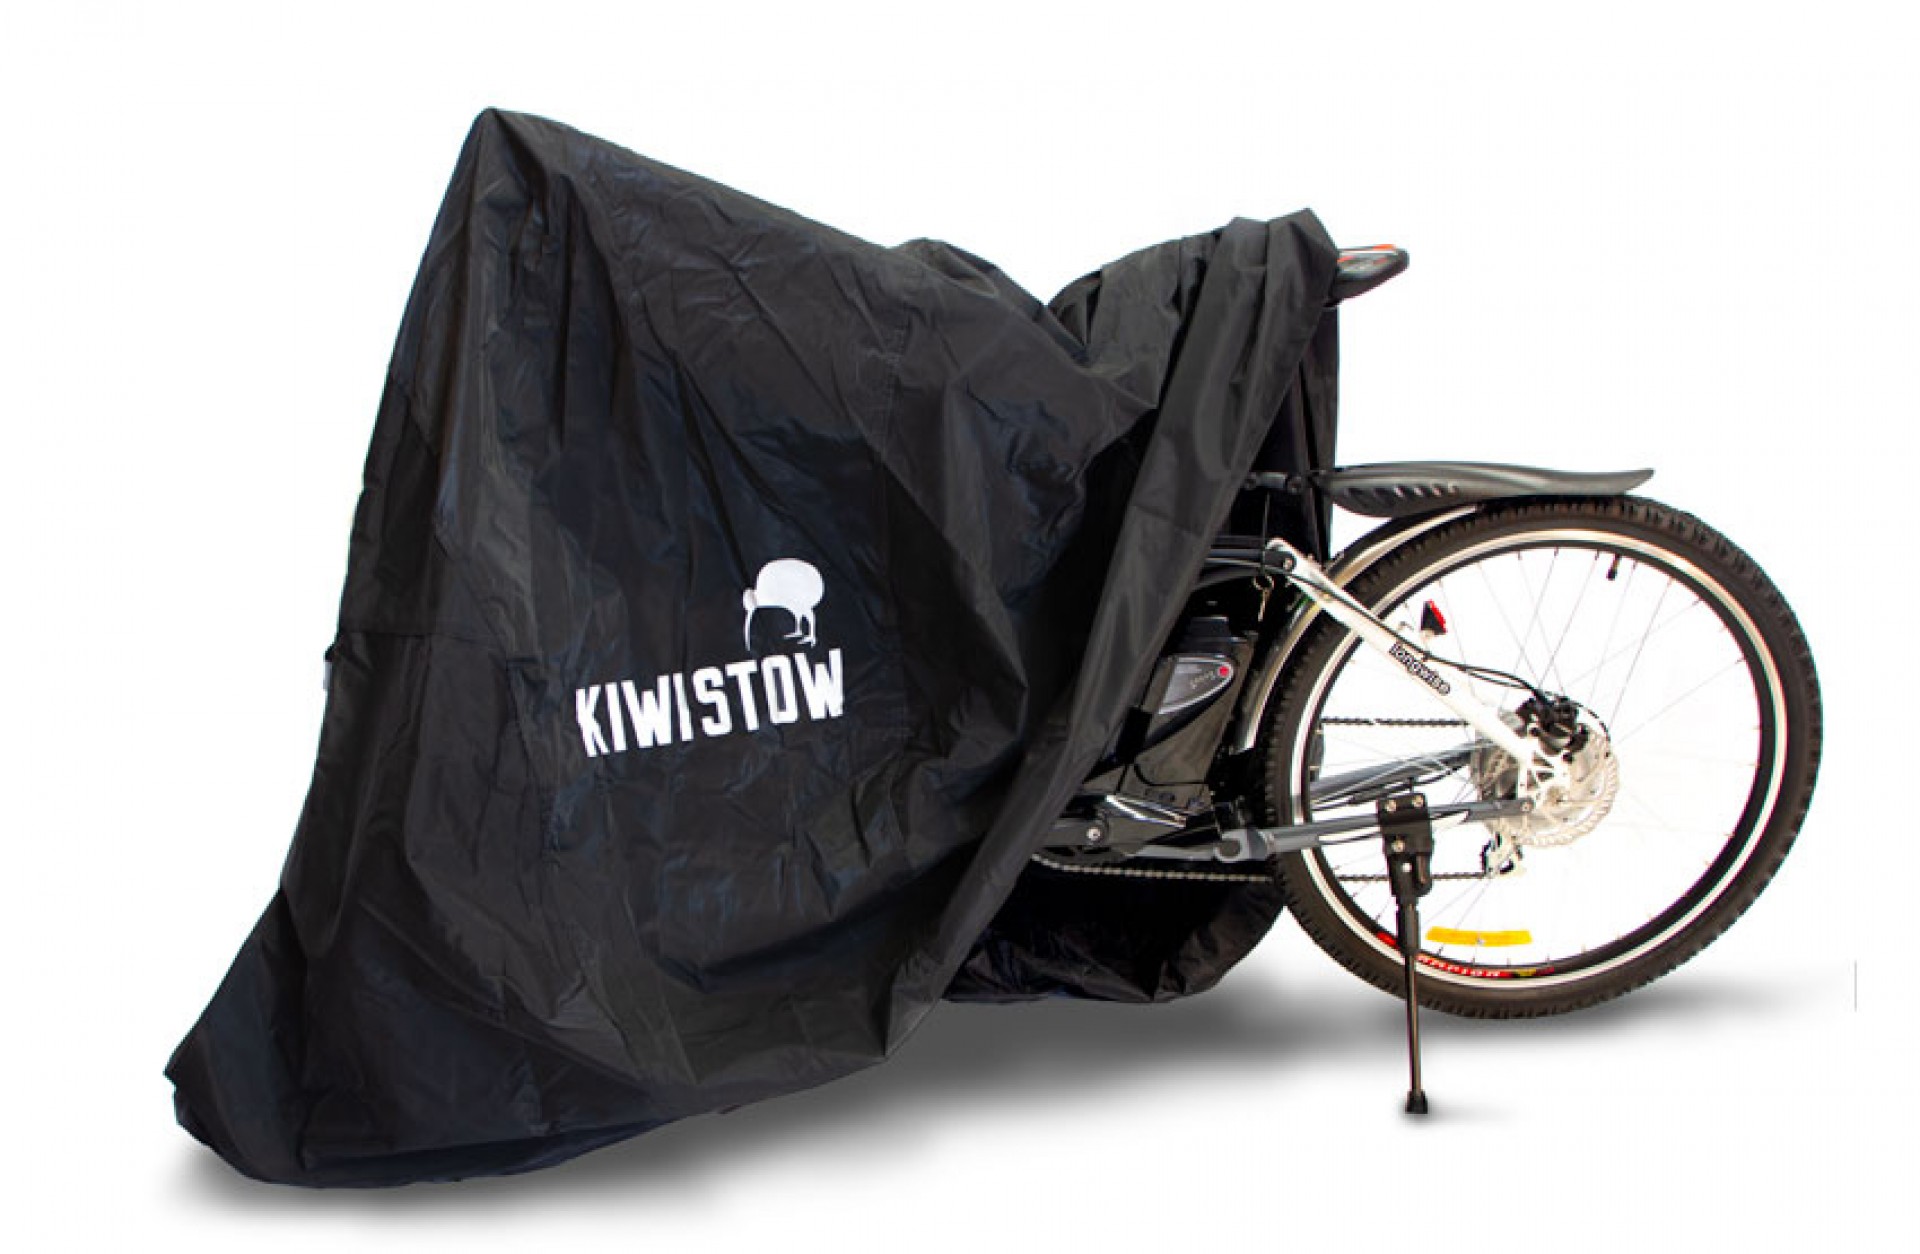 Kiwistow Bicycle Cover
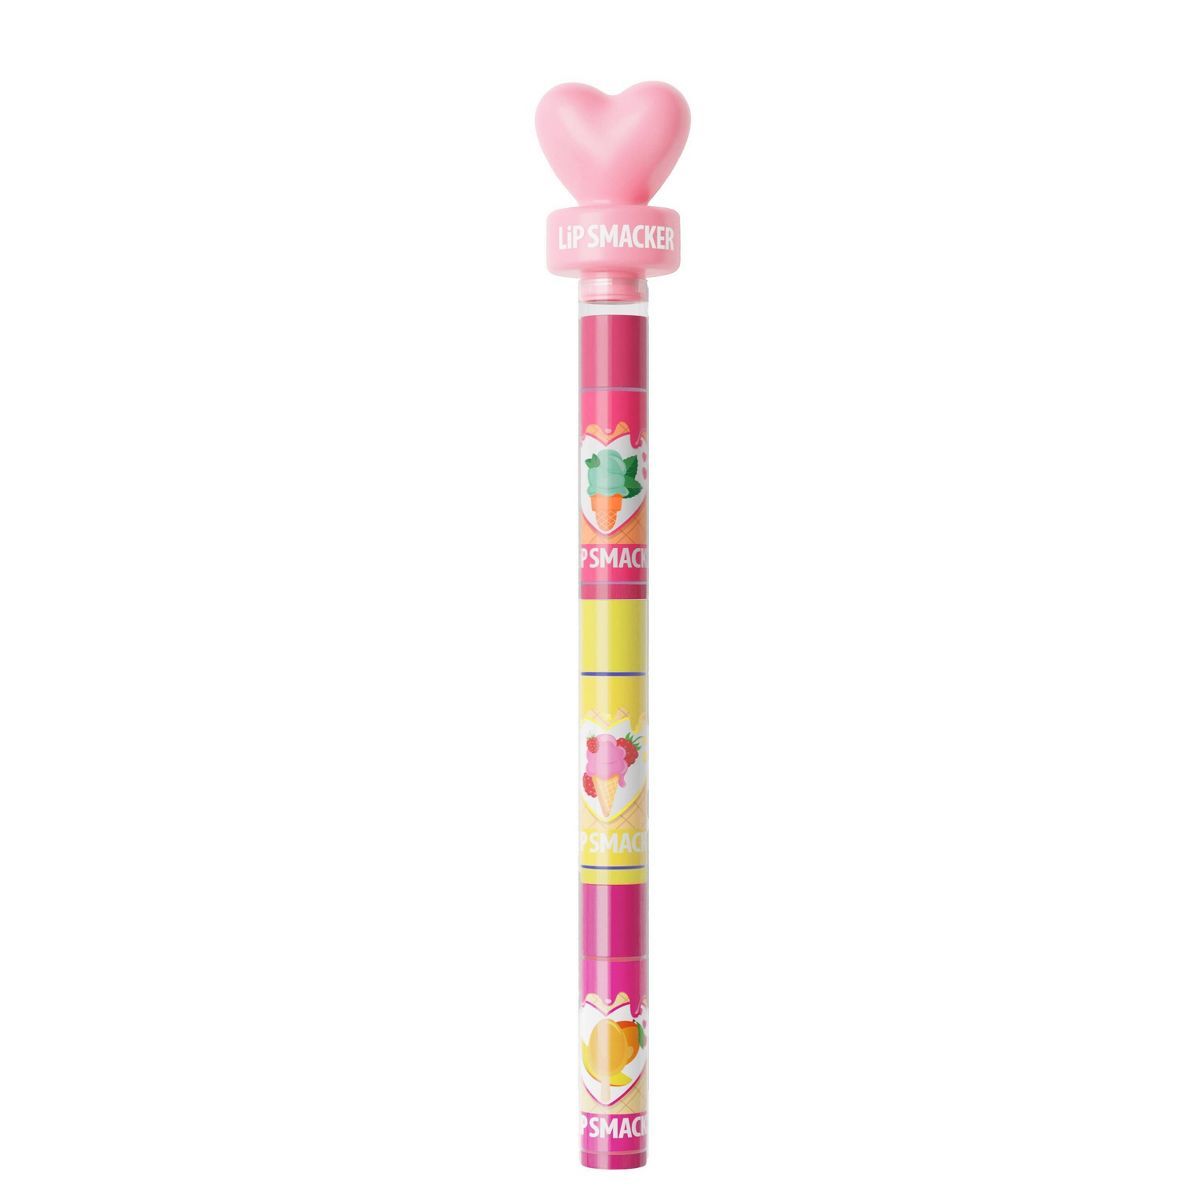 Lip Smacker Lip Balm Heart Toppers - Pink - 1.3oz/3pc | Target
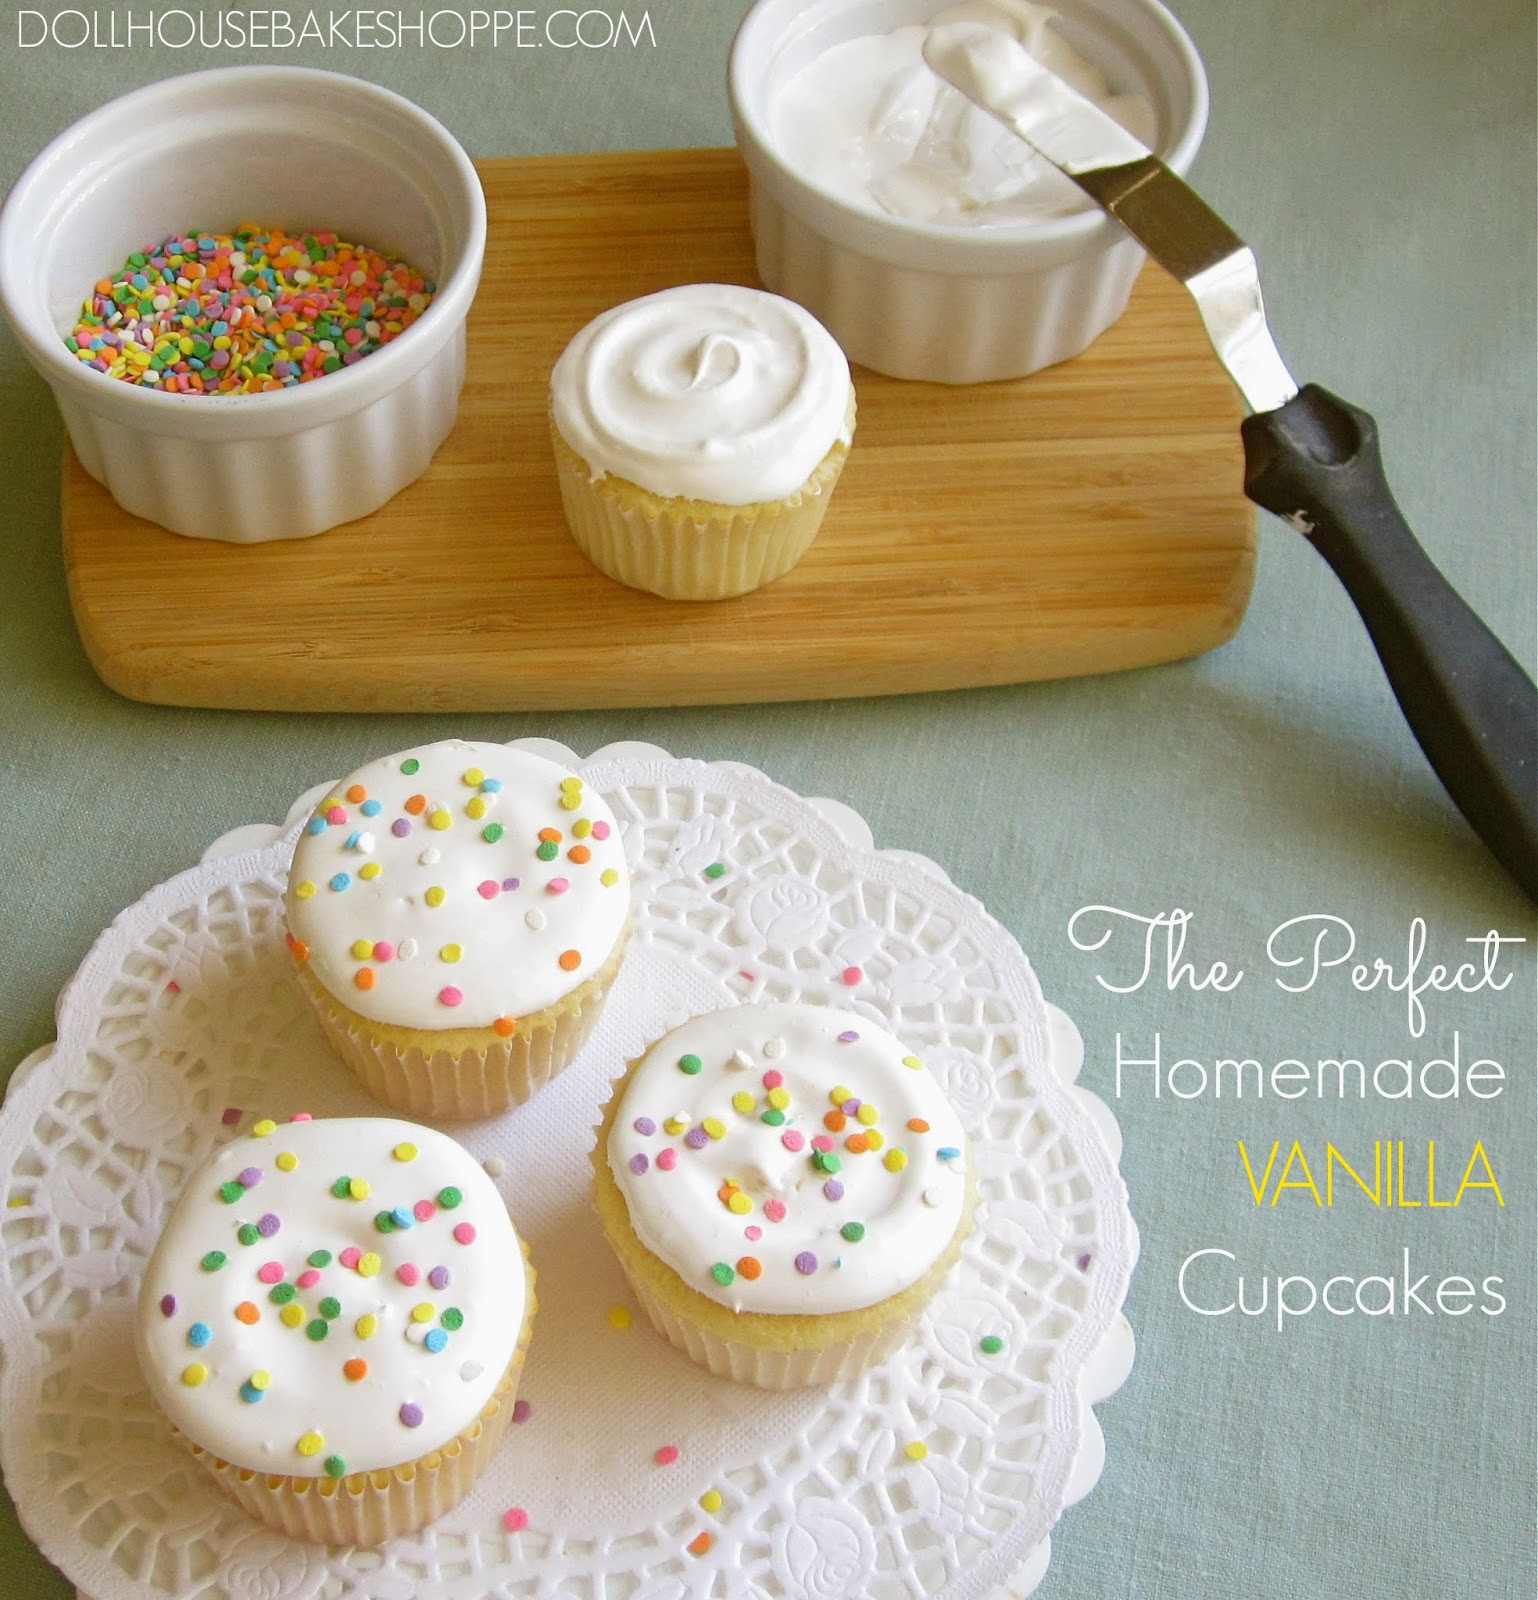 Homemade Vanilla Cupcakes
 Lindsay Ann Bakes Best Homemade Yellow Vanilla Cupcakes
⁂
The task >> Only the lines from the one with "Lip Smacker Lip" through the end of the listing above should be output, exactly as written and with no pictures.

Solution for this task >>
 Lip Smacker Lip Balm Heart Toppers - Pink - 1.3oz/3pc | Target
 Homemade Vanilla Cupcakes
 Lindsay Ann Bakes Best Homemade Yellow Vanilla Cupcakes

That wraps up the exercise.